Упомянутый Л. Лохом уполномоченный НКВД, который фактически спас жизни многих вверенных ему людей на их острове, являлся далеко не типичным сотрудником этого карательного ведомства. Ведь установка НКВД была прямо противоположной – ни одна рыбина не должна использоваться «в личных целях». Тем не менее, несмотря на усиленный контроль, строгий учёт и прочие ухищрения властей, люди, добывавшие рыбу, без неё всё-таки не оставались. Да и бригадиры, которым был поручен постоянный надзор за рыбаками, тоже кормились из общего котла.
Но ежедневную уху приходилось готовить украдкой, тайком, опасаясь внезапного появления начальства, от которого можно было ожидать чего угодно, но только не человеческого обращения и понимания. Лидия Кригер, также находившаяся в рыбацкой ссылке на Енисее, пишет из города Канска Красноярского края:
«Никогда не забуду, как мы 250-метровым полустрежевиком на Медвежьих песках рыбачили. В бригаде были одни немецкие женщины и девчонки, если не считать бригадира Сергея Сычёва – молчаливого, доброго человека, тоже сосланного за какие-то «грехи».
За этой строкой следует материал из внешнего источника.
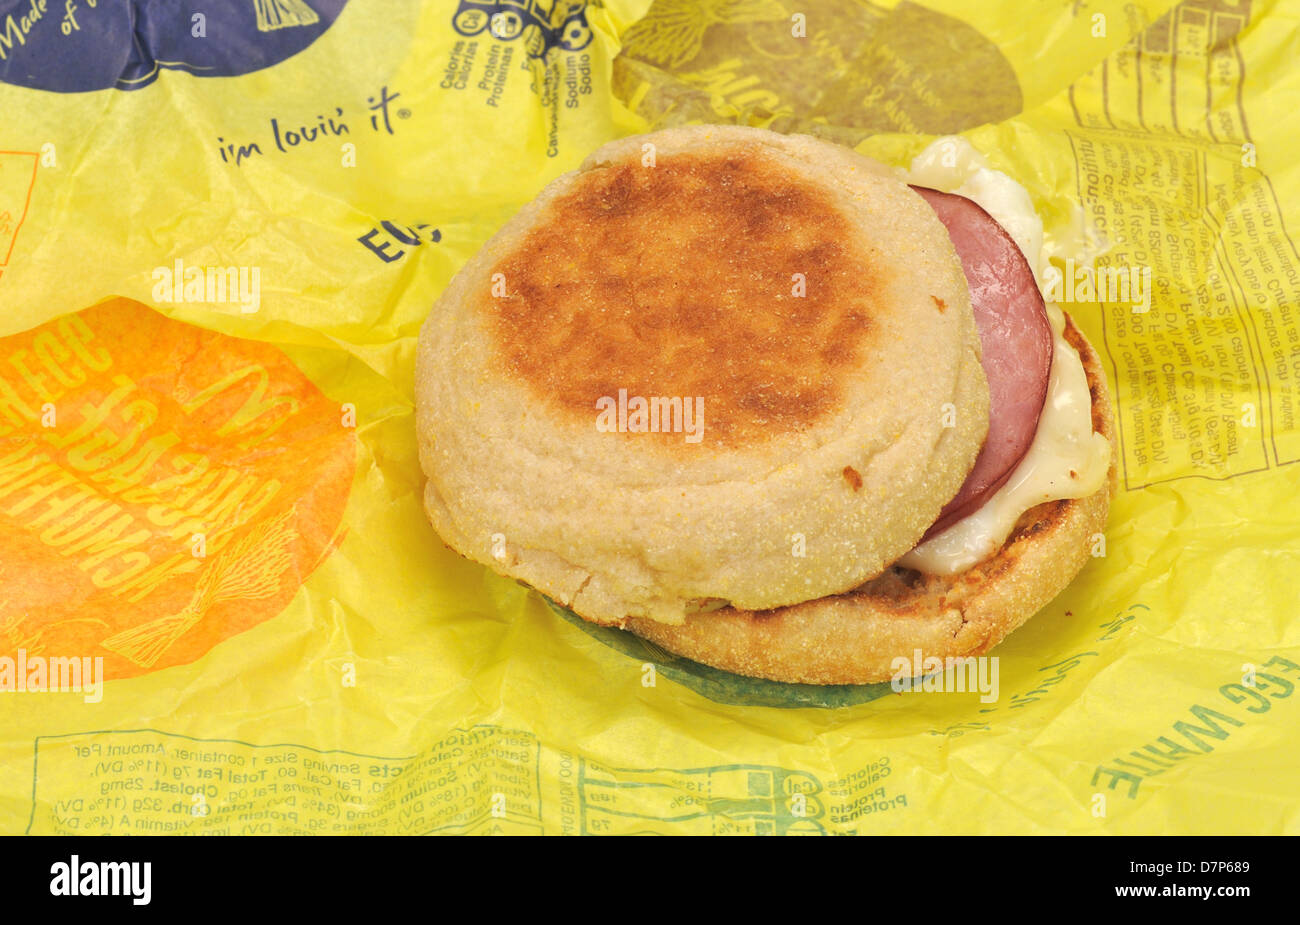 McDonald's bianco d'uovo McMuffin Delight colazione panino con pancetta canadese sull involucro di carta. Stati Uniti d'America Foto Stock

Голодали жутко. Полагалось нам по 200 граммов хлеба в день. Мы этот паёк чаще овсяной мукой брали – из неё хоть «затируху» с крапивой и лебедой сварить можно было. А рыбу нам до 1946 г. вообще не выдавали. Да мы и ловили мало, план выполнить не могли, сами каждую рыбину считали.
Помню, в июле 1943 г. был такой случай. Мы выскочили из лодки, начали крылья невода подбирать. А там, в сети, маленькие рыбки – ельцы и чебачки – застряли. Нам приказано было их обратно в воду бросать. Соня Гроссман из нашей бригады схватила рыбку и за пазуху спрятала, чтобы потом съесть. В этот момент, как на грех, наш начальник Пшеничный с председателем сельсовета верхом на конях подъехали и этот факт усекли. Соня не хотела признаваться, что рыбёшку взяла, так Пшеничный сам к ней за пазуху полез, рыбку достал и давай ею Соне в лицо тыкать да материться и по-всякому её при всех обзывать.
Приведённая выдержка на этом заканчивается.